Two days ago, I brought you what I thought was the most important story I’d ever covered: the denial of multiple ice cream servings to Gitmo detainees.
Boy, was I wrong. Because just now, on the most recent episode of “Red Eye,” Greg Gutfeld shattered my world.
It appears a bakery in Indianapolis (a city) has refused to sell rainbow frosted cupcakes to a gay campus group who wanted to celebrate National Coming Out Day. You know, because the gays are all about diversity (hence the rainbow.) As a gay conservative, I know I’m totally welcome at all gay events and have the full support of “my” community.
“Just Cookies” owner, David Stockton, refused the order on the grounds he has “impressionable daughters,” reported Gutfeld, showing clips from the story as covered by the local Fox affiliate.
Mr. Stockton has an excellent point. After all, one time at college, I was sitting in the dining hall lusting after the gigantic boobs on the cheerleader at the next table. Then, a radical bakery student placed a multicolored German chocolate cake in front of me. I took a bite and – boom! – I knew the love the dare not speak its name.
Steve Schirripa noted
What he said was absolutely ridiculous. He has impressionalbe daughters? So he puts the rainbows on [the cupcakes] and they become lesbians? But if you are a grown man and go into a cupcake store, you probably are gay.
When Bobby Baccalieri tells you cupcakes are gay, you’d better listen!
Ann Coulter agreed
No, cupcakes are gay. You’re right.
Oh yeah, Mrs. Coulter? How about bacon cupcakes?
OK, so maybe bears and leather daddies eat bacon cupcakes. But certainly not disco dancing twinks!
Totally not an activist Shan Parker, who made “Cookiegate” a big deal, said the following on his website
I don’t think my jaw hit the floor but inside a tinge of rage sprang up. To me a complete injustice had been done. After all, all they wanted was some cookies. With this economy small businesses should be jumping at these opportunities. It’s fairly common knowledge that gays have a large amount of disposable income. After all we can’t pay for things like kids, marriage, and divorce.
Please understand that, as a private business, I respect the fact that they can turn away anyone that they want to, but on a social level they had taken a large misstep. Not only had they made me mad, but I was ready to let everyone else know just how mad I was.
So it’s about divorce, then? Oh, and one outraged gay boy. The misstep taken by “Just Cookies” wasn’t “homophobia,” it was ticking off one Shan Parker, force of nature. And yeah, we all know how much disposable income gay college students have. Where do you buy rainbow colored weed, anyway? I mean, I know where to get Goldschlager. (That’s gay Jaegermeister, in case you were wondering.)
Unbelievably, the entire cast and the guest panel of “Red Eye” seemed to think this story was silly. Maybe due to her recent appearance at Homocon, it was Coulter who gave the story the depth and perspective it so desperately required
I think you’re all taking this very lightly. This is the worst thing I’ve heard since the Holocaust and the Jim Crow laws. This man could not get rainbow cupcakes!

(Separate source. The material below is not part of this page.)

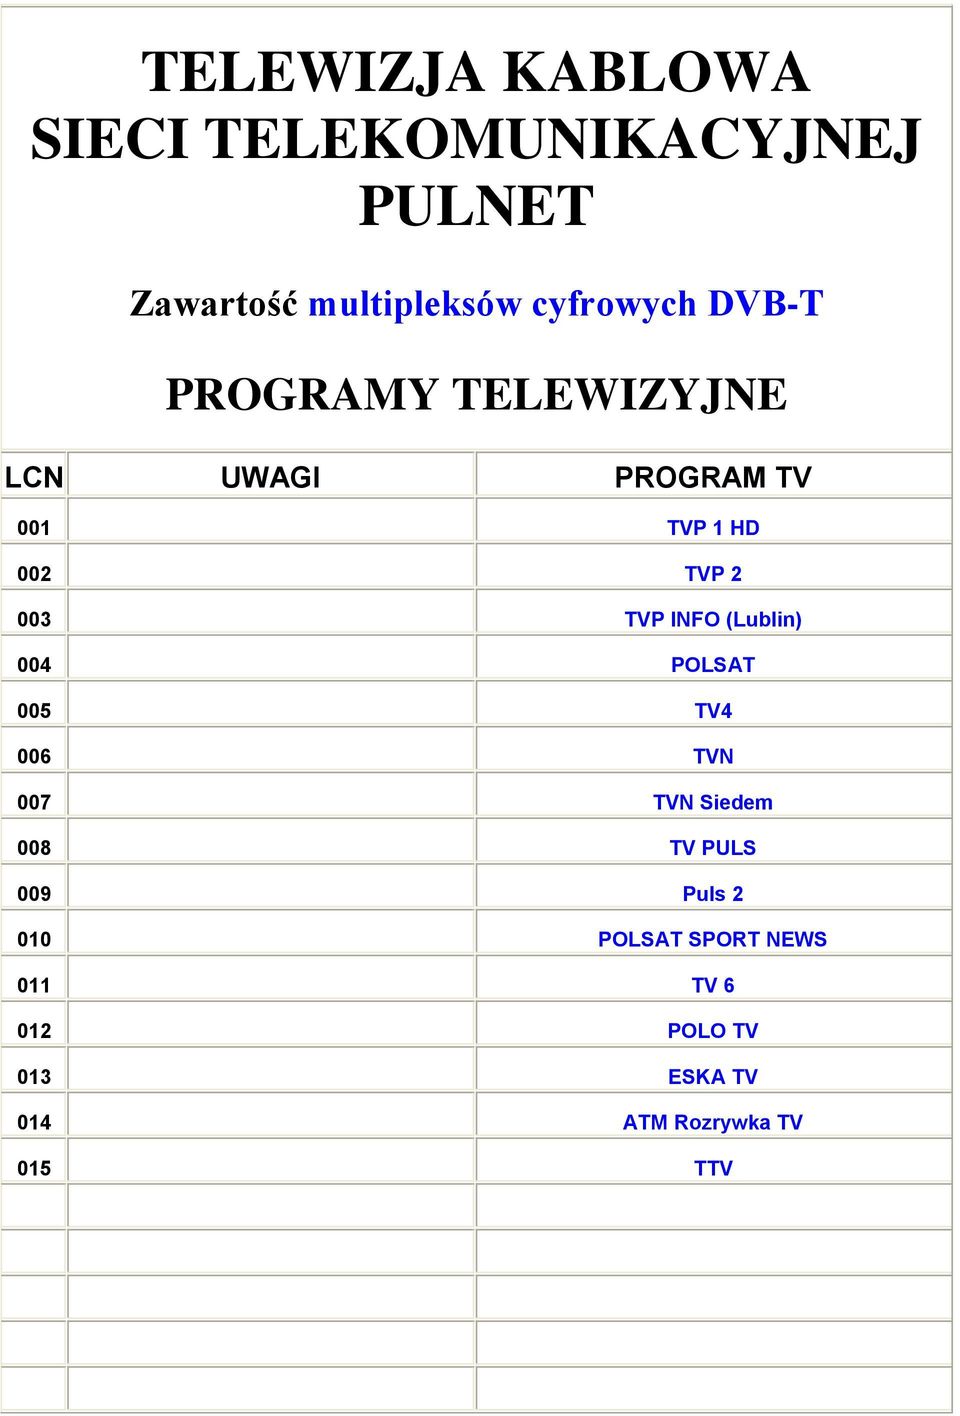 003 TVP INFO (Lublin) 004 POLSAT 005 TV4 006 TVN 007 TVN Siedem 008 TV PULS 009

Hear her words! “This man could not get rainbow cupcakes!”
Thankfully, there are reliable news sources willing to discuss the serious issues. Like the Huffington post.
After all, who cares about marginal social issues like the entire family structure when delicious baked goods hang in the balance?

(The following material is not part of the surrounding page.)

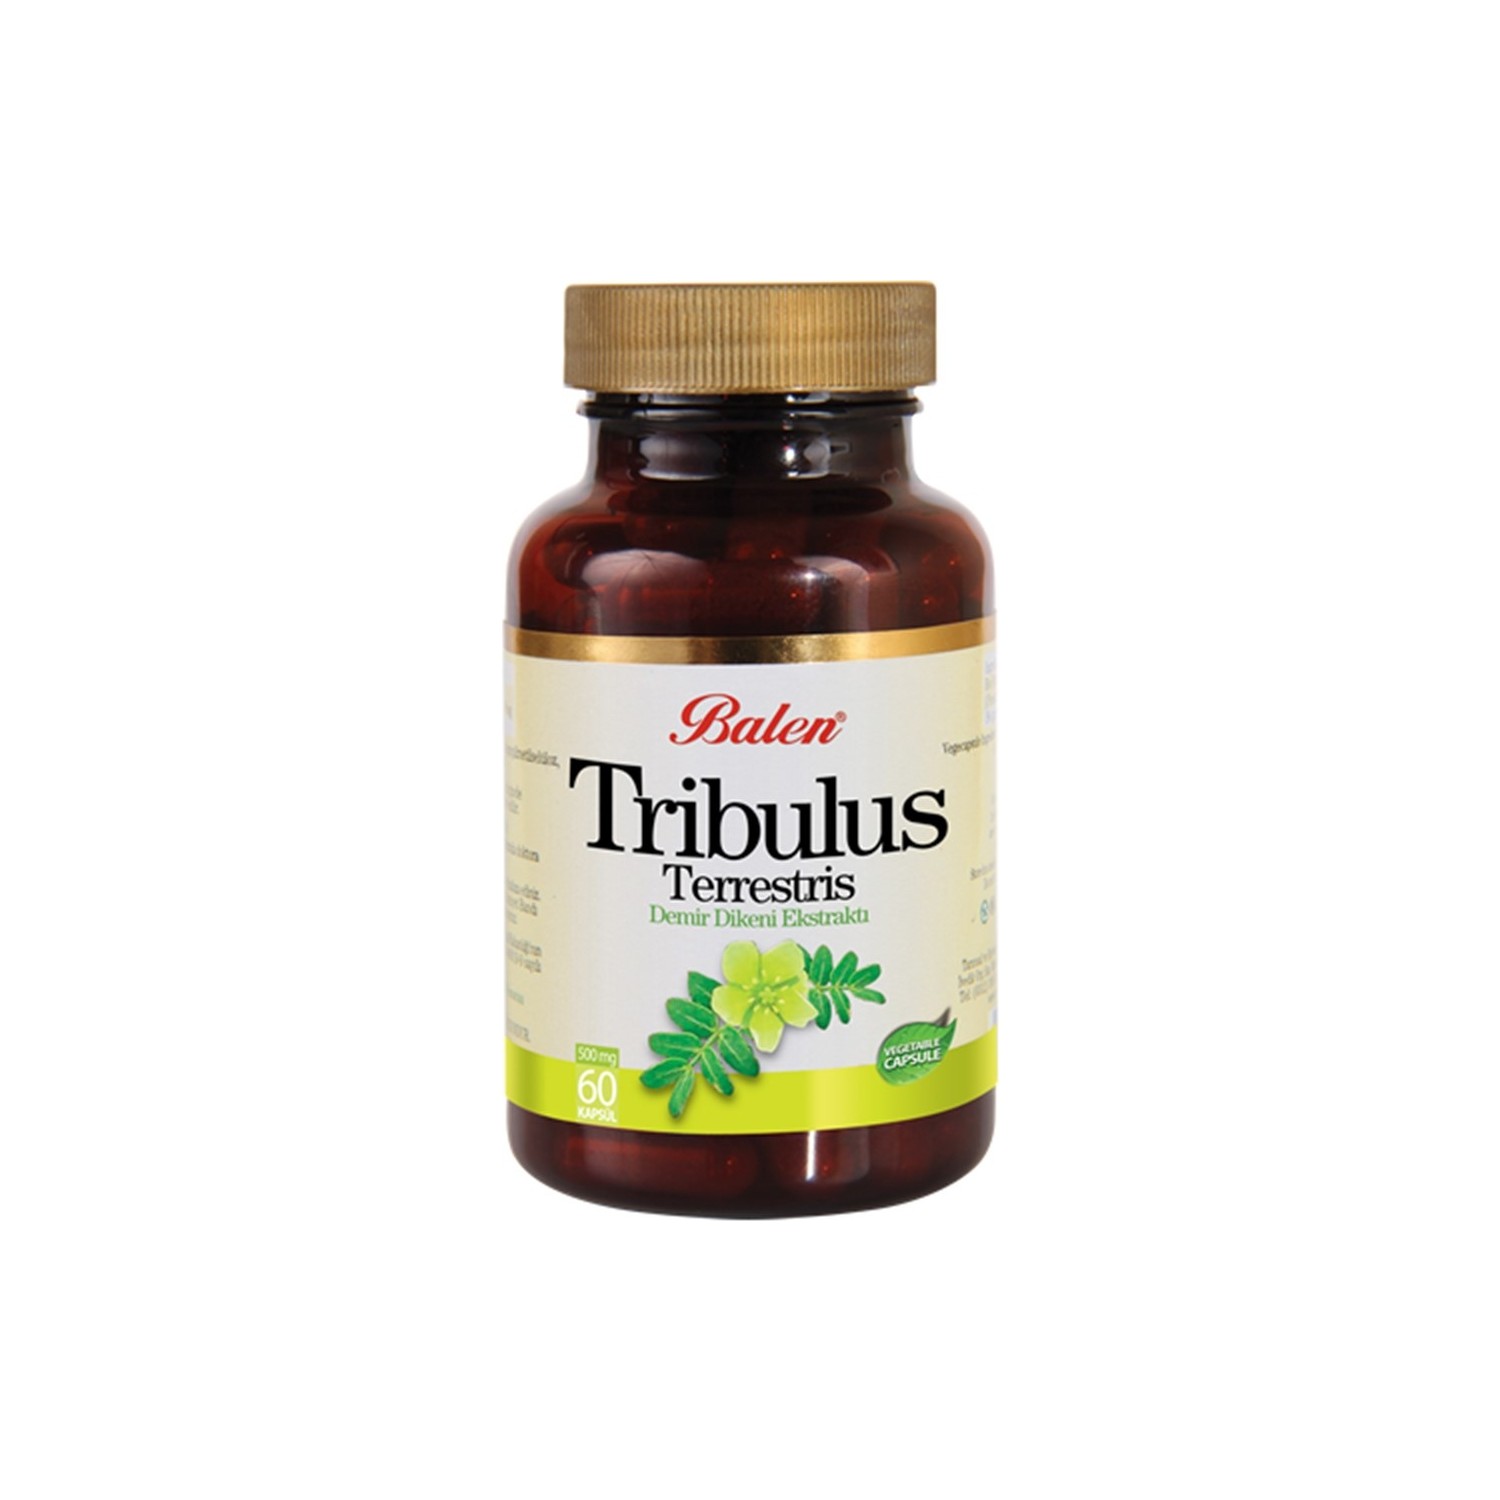 Пищевая добавка Balen Tribulus Terrestris 620 мг, 60 капсул пищевая добавка balen tribulus terrestris 500 мг 2 упаковки по 60 капсул

I don’t care about gay marriage or “Don’t Ask, Don’t Tell.” I’m a fat person. I demand cake, and woe to the person who denies me.
So I totally sympathize with gay people in need of dessert. David Stockton should just be done with it and paint on the Hitler ‘stache. And “Just Cookies” should change it’s name to “Just Auschwitz.”

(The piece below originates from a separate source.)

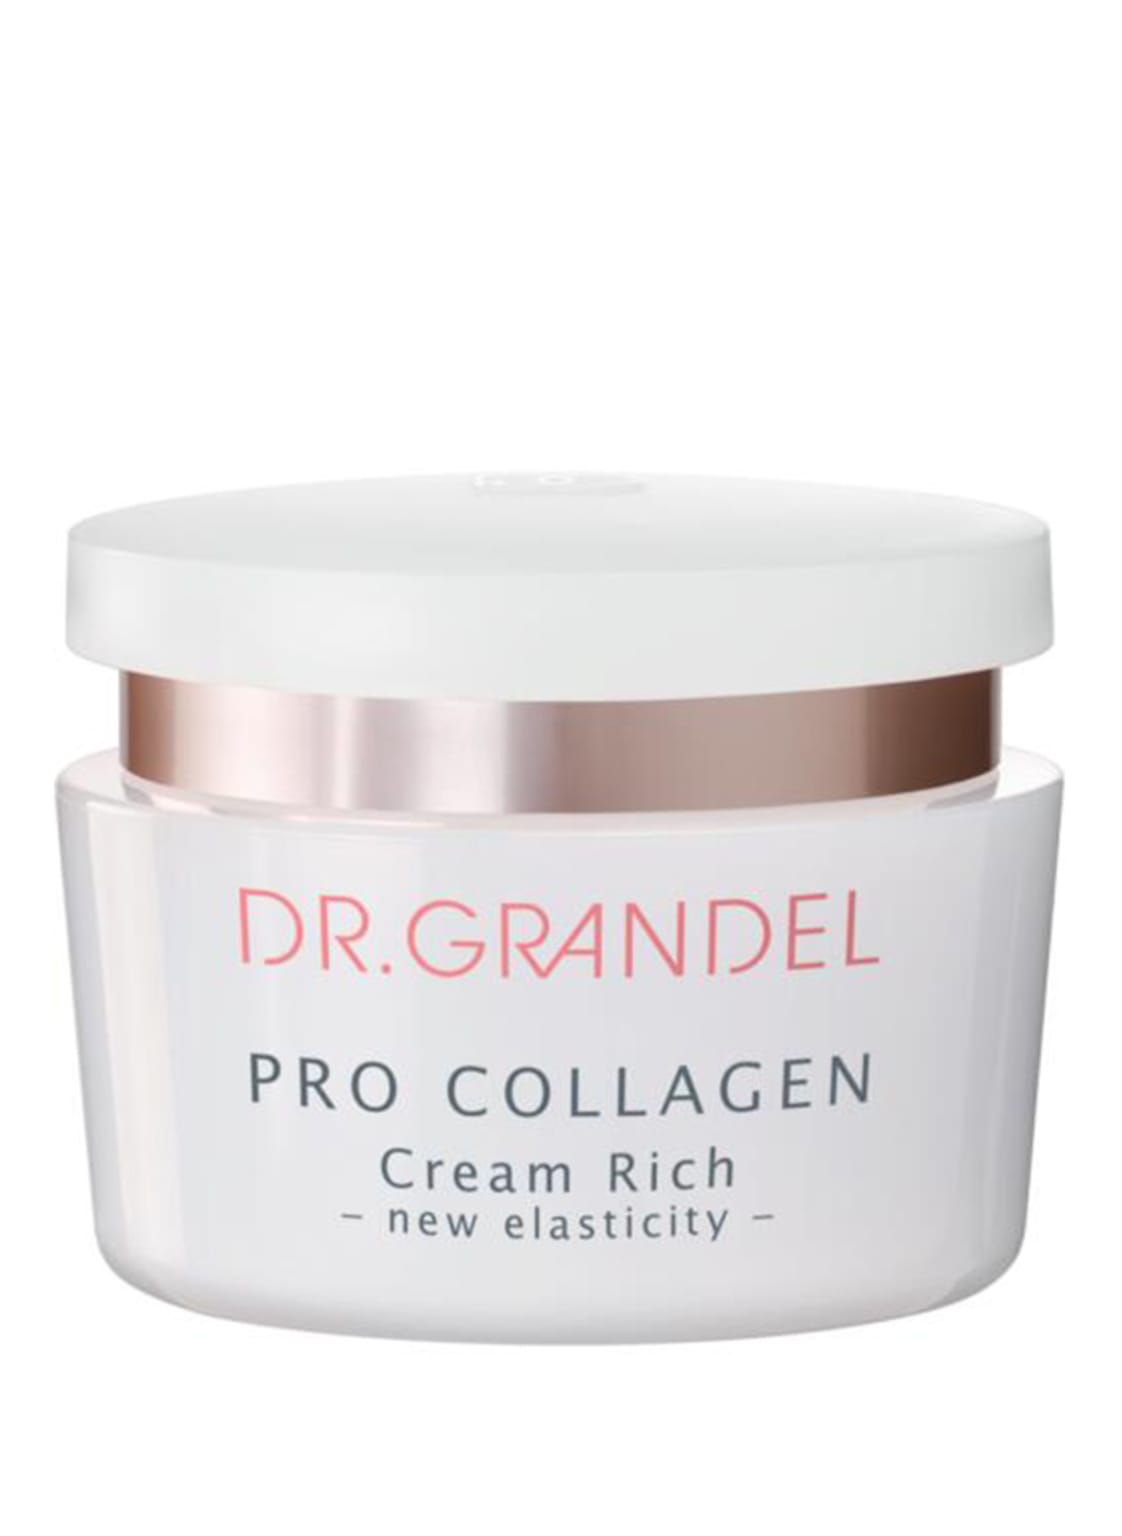 Dr. Grandel Pro Collagen - Cream Riche Glättende 24 h Pflegecreme für trockene Haut 50 ml von DR. GRANDEL

I guarantee you, Stockton, Michelle Obama will hear of this.
And if you disagree with me, you’re an anorexic homophobe who believes in free market capitalism. You bastard.
“Red Eye” air date – September 30, 2010. Guests: Ann Coulter, John Devore and Steve Schirripa. Cast: Host – Greg Gutfeld, Sequential Hermaphroditic Sidekick – Bill Schulz and Ombudsman – TV’s Andy Levy
The views in this post are entirely my own (except where I’m quoting.) Neither “Red Eye” nor Fox News endorse or support my “Red Eye” posts. I am not affiliated with the show in any way, other than being an avid fan.